Fertility/longevity trade-offs under limiting-male conditions in mating populations of Caenorhabditis elegans

Abstract

Evolutionary theories of aging suggest that trade-offs between longevity and fitness should be found under certain conditions. In C. elegans, there is little evidence for the existence of such trade-offs. We asked if fertility/longevity trade-offs exist in populations of randomly mating males and hermaphrodites. We set up a large population of young males and 5-day-old hermaphrodites that were no longer self-fertile. We then allowed them to mate for one day with an equal number young males and then separated hermaphrodites to individual plates and determined daily fertility of individual hermaphrodites. There was a significant negative relationship between late-life fertility and individual longevity.

Fig. 1. Lifespans and daily progeny production of mated and unmated wild-type hermaphrodites (N2CGCb)

Individual hermaphrodites were separated at the fourth larval stage. About half were never mated with males, while the other half were mated with five males on the first day of adulthood, which we called day 0. (A–C) Graphs of individual experiments. Daily progeny production of each individual hermaphrodite is shown on a different horizontal line, using different colors to depict progeny production on each day. Mated animals live significantly shorter lives (P < 0.0001) and produce significantly more progeny (P < 0.0001) than unmated. (D) Scatterplots and linear fit of the data from Figures 1A–C, with lifespan (x axis) plotted against progeny production (y axis). Regression coefficient between lifespan and progeny production of each group are as follows: (A) Experiment 1, unmated: beta = −0.82, p = 0.62; mated: beta = 35.98, p = 0.01; both: beta = −38.36, p = 0. (B) Experiment 2, unmated: beta = 2.43, p = 0.22; mated: beta = 7.74, p = 0.42; both: beta = −28.19, p = 0. (C) Experiment 3, unmated: beta =1.71, p = 0.17; mated: beta = 15.18, p = 0.2; both: beta = −18.05, p = 0. All unmated (beta = 1.28, p = 0.13), all mated (beta = 39.05, p = 0), both (beta = −25.99, p = 0).

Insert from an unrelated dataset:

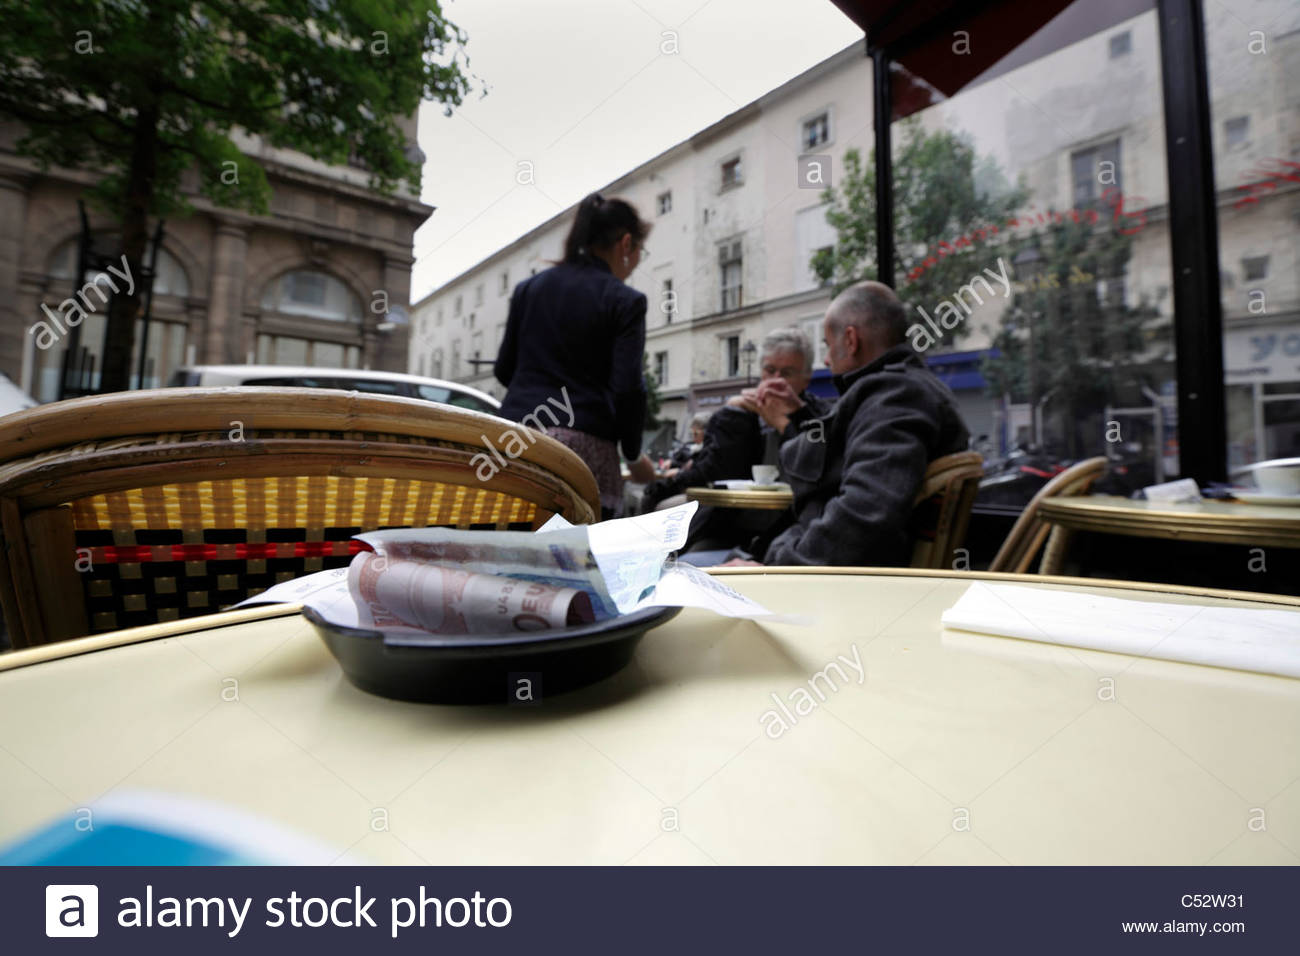 paris bistro waiter stockfotos paris bistro waiter bilder alamy. Black Bedroom Furniture Sets. Home Design Ideas

Fig. 2. Total number of progeny, mated or unmated, as a function of adult age

The mating scheme was five males to one hermaphrodite, mating starts at the first day of adulthood. (A) Summary of total fertility, all experiments with N2CGCb hermaphrodites. (B-D) Number of progeny per day for N2CGCb, age-1(hx546) and daf-2(e137). P values are shown.

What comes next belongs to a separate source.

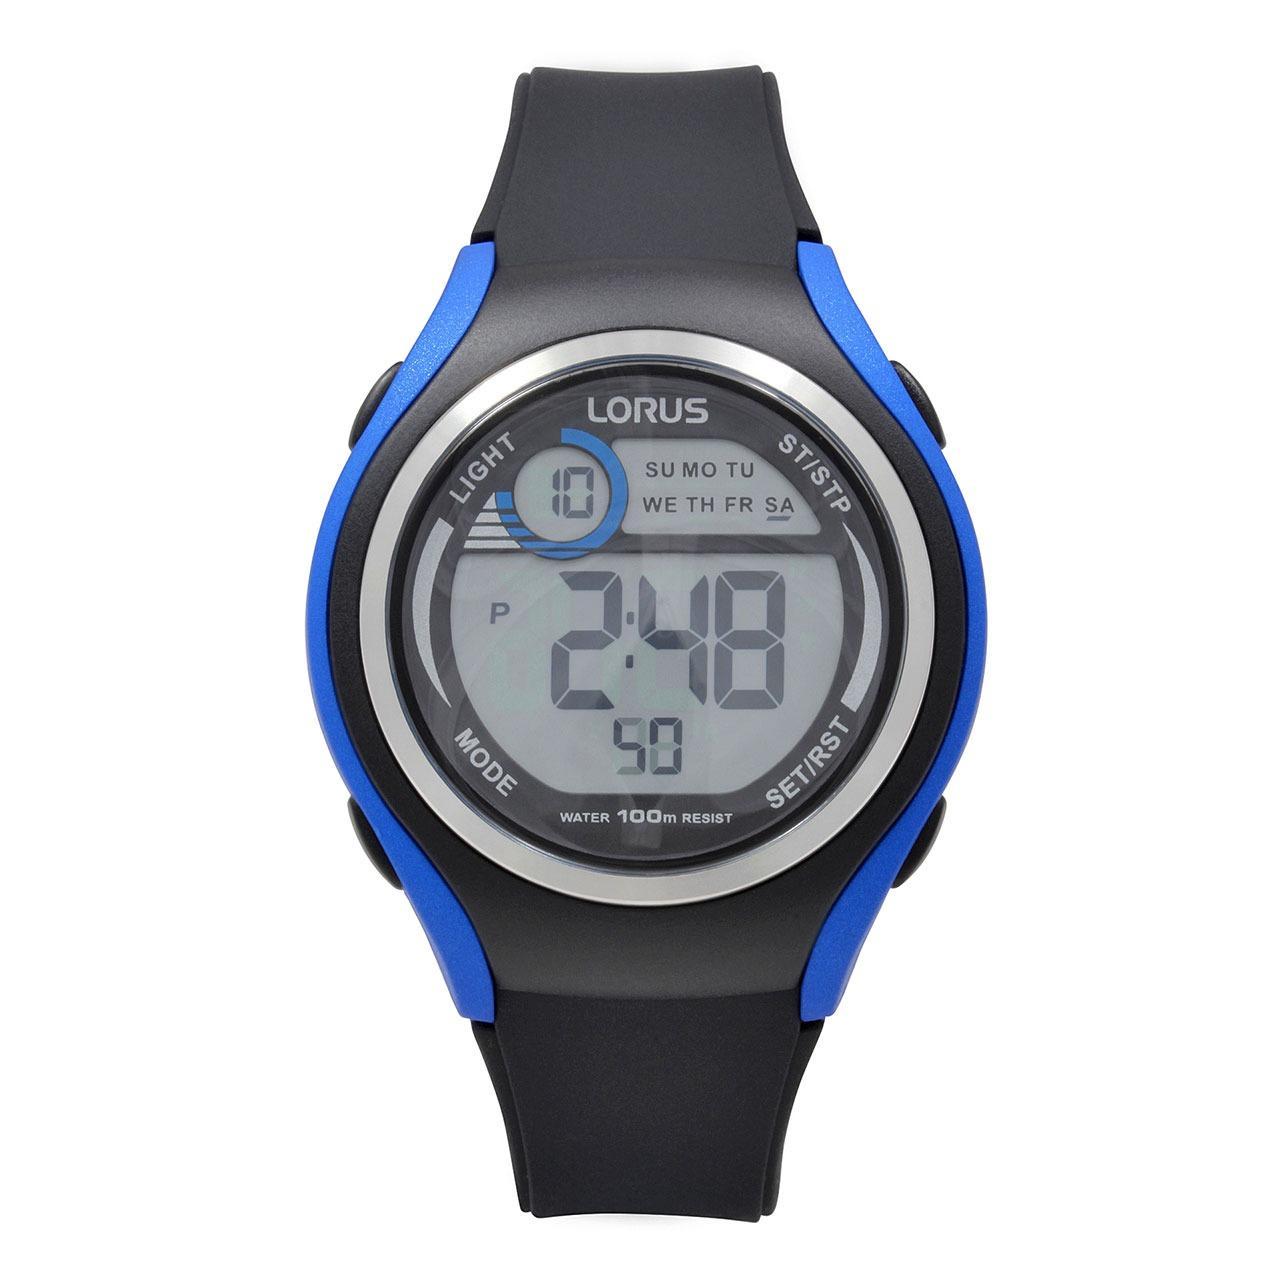 LORUS Jam Tangan - Black Blue - Silicon - R2377LX9

Fig. 3. Relationship between cross-progeny production and lifespan

In a mass mating (89 males and 89 hermaphrodites, N2CGCb), animals were allowed to mate for 24 hours (large NGM, OP50). (A) Horizontal bar graph of lifespans (x axis) of individual worms (y axis). Different colors indicate number of progeny produced per day for each individual. (B) Scatterplot of individual animal lifespans (x axis) and progeny production (y axis). There is a negative correlation between progeny production and lifespan (p < 0.0001).

Fig. 4. Lifespan and progeny production of mated and unmated individual hermaphrodites

(Mating as in Figure 2). Horizontal bar graph of lifespans (x axis) of individual worms (y axis). Different colors indicate number of progeny produced per day for each individual. (A) age-1(hx546). (B) daf-2(e137). In both, animals that are mated live significantly shorter lives (P < 0.0001) and produce significantly more progeny (P < 0.0001).